Guidelines for membranous nephropathy (MN) management recommend cyclical corticosteroid-cyclophosphamide regimen (CYC) in patients with heavy proteinuria. Rituximab (RTX) may be a viable alternative, but head-to-head comparison is lacking.


Aim of this pilot RCT was to estimate the effects of RTX vs CYC regimen in MN, while assessing the feasibility of a larger trial. After a run-in of at least 3 months, patients with nephrotic syndrome were randomized to receive RTX (1g two weeks apart) or CYC. Complete remission (CR) was defined as proteinuria ≤0.3 g/day, partial remission (PR) as a reduction of proteinuria >50% and an absolute value of 0.3-3.5 g/day. Primary outcome was CR at 12 months; secondary outcomes included CR+PR at 12 and 24 months.

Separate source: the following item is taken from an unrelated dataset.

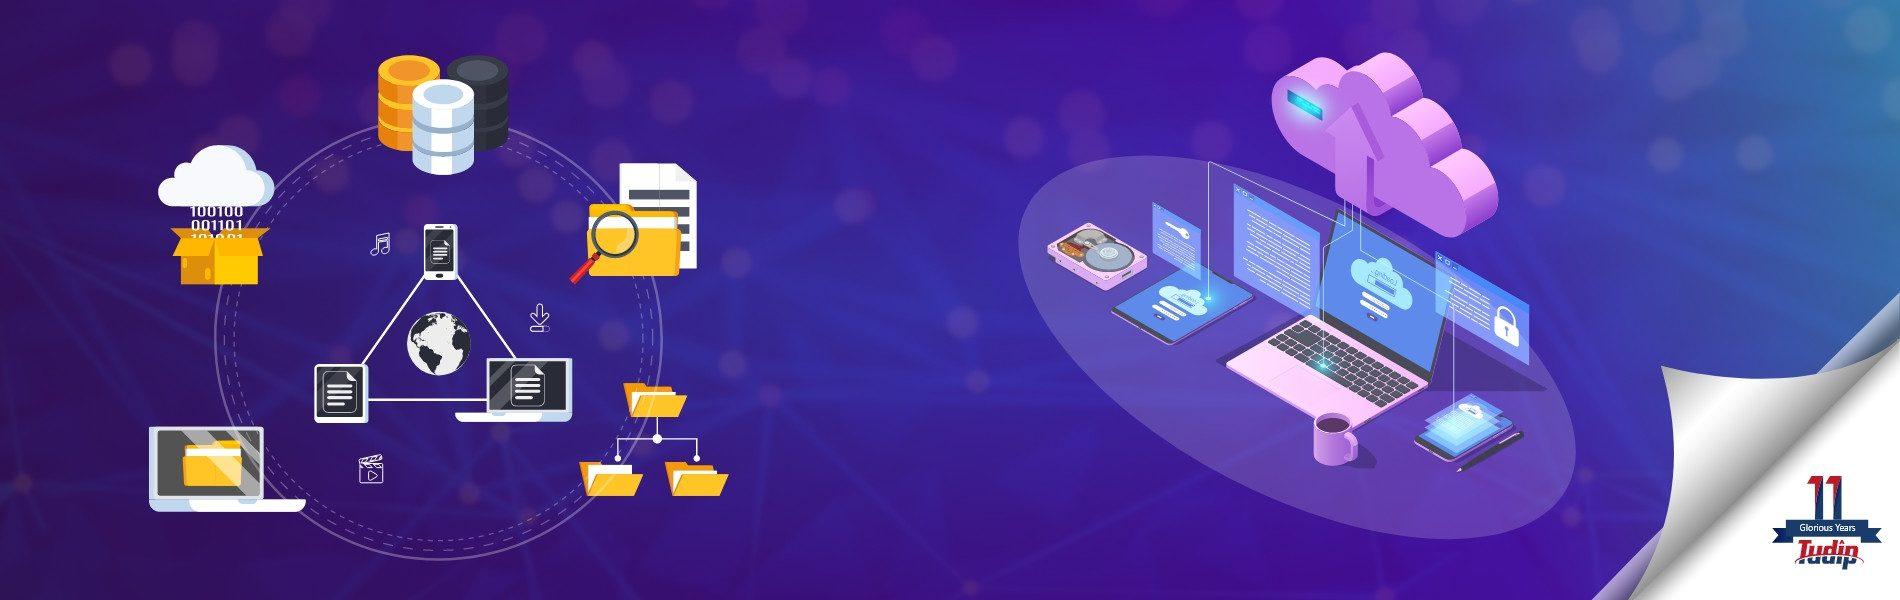 Data Backup: Importance & the Different Data Backup Storage Options
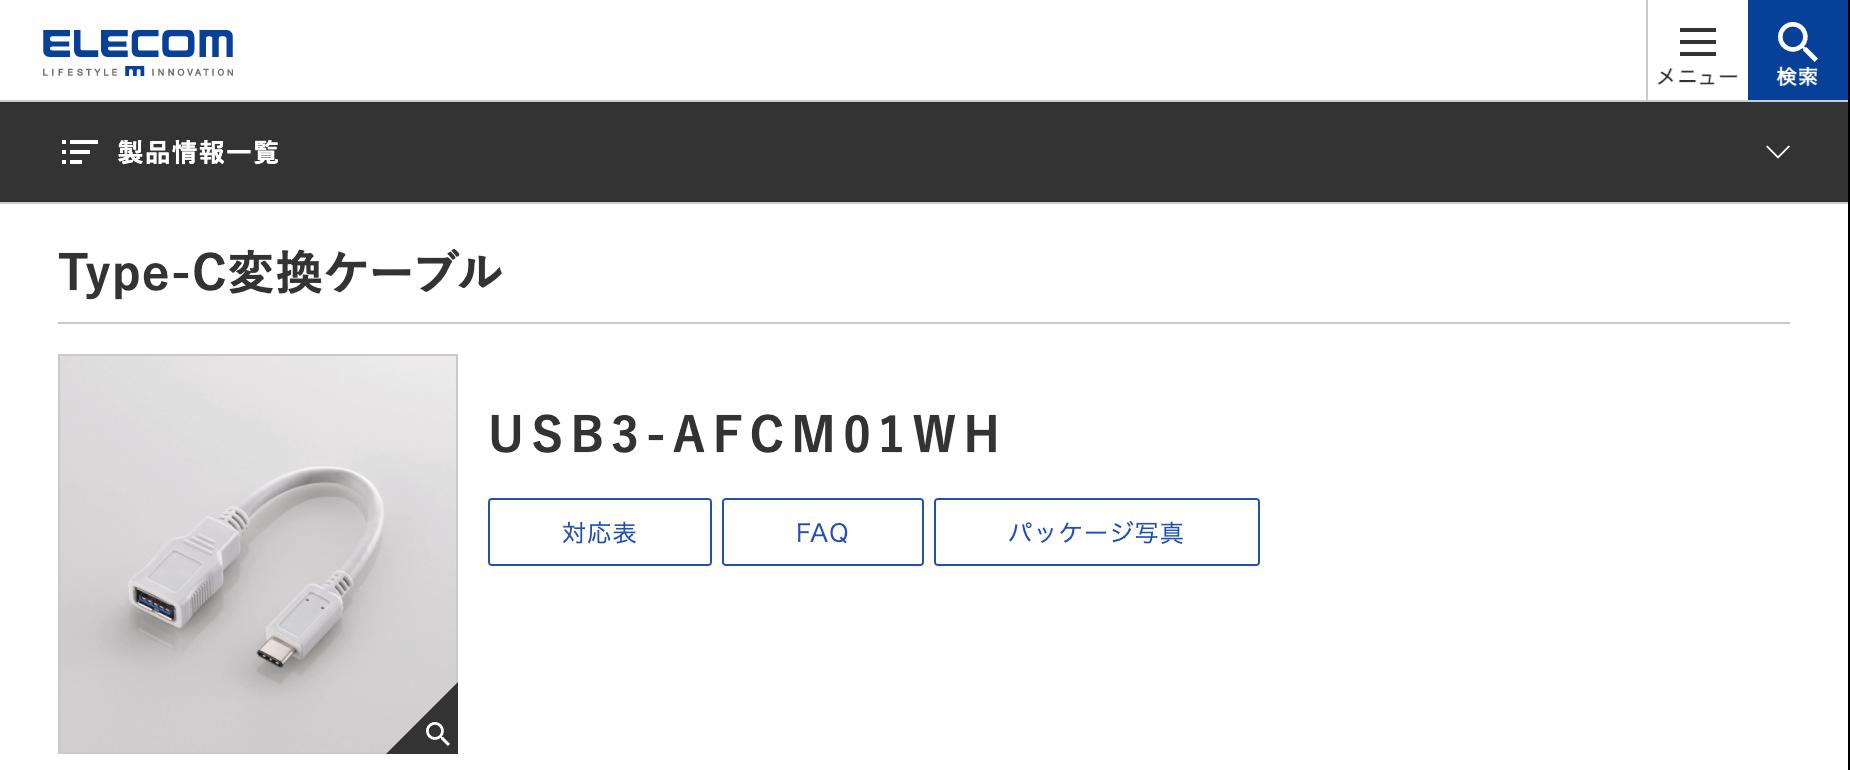 Type-C変換ケーブル USB3-AFCM01WH

116 pts were screened, 74 randomized. Baseline median serum albumin was 2 g/dL and proteinuria 6 g/day in both arms. At 12 months, 6/37 pts (16%) in the RTX arm and 12/37 (32%) in the CYC arm had CR (OR according to “intention to treat_ITT” analysis 0.4, 95% CI, 0.13-1.23, OR “according to per protocol_PP“0.28, 95% CI, 0.08-0.95), 23/37 (62%) in the RTX arm and 27/37 (73%) in the cyclical regimen arm had a CR+PR (OR ITT analysis 0.61, 95% CI 0.23-1.63, OR PP 1.11, 95% CI 0.42-2.98). Probabilities of CR and CR+PR at 24 months were 0.42 (CI 0.26-0.62) and 0.83 (CI 0.65-0.95) in the RTX arm and 0.43 (0.28-0.61) and 0.82 (0.68-0.93) in the CYC arm. Serious adverse events occurred in 7 and 5 pts, in the RTX and CYC arm, respectively.


Although the probability of CR was lower in the RTX arm at 12 months, the probability of CR at 24 months and of CR+PR at 12 and 24 months was similar in the two groups. No difference in side effects was found. While the efficacy of RTX and CYC in MN appears to be similar, a larger trial adequately powered would be difficult to perform.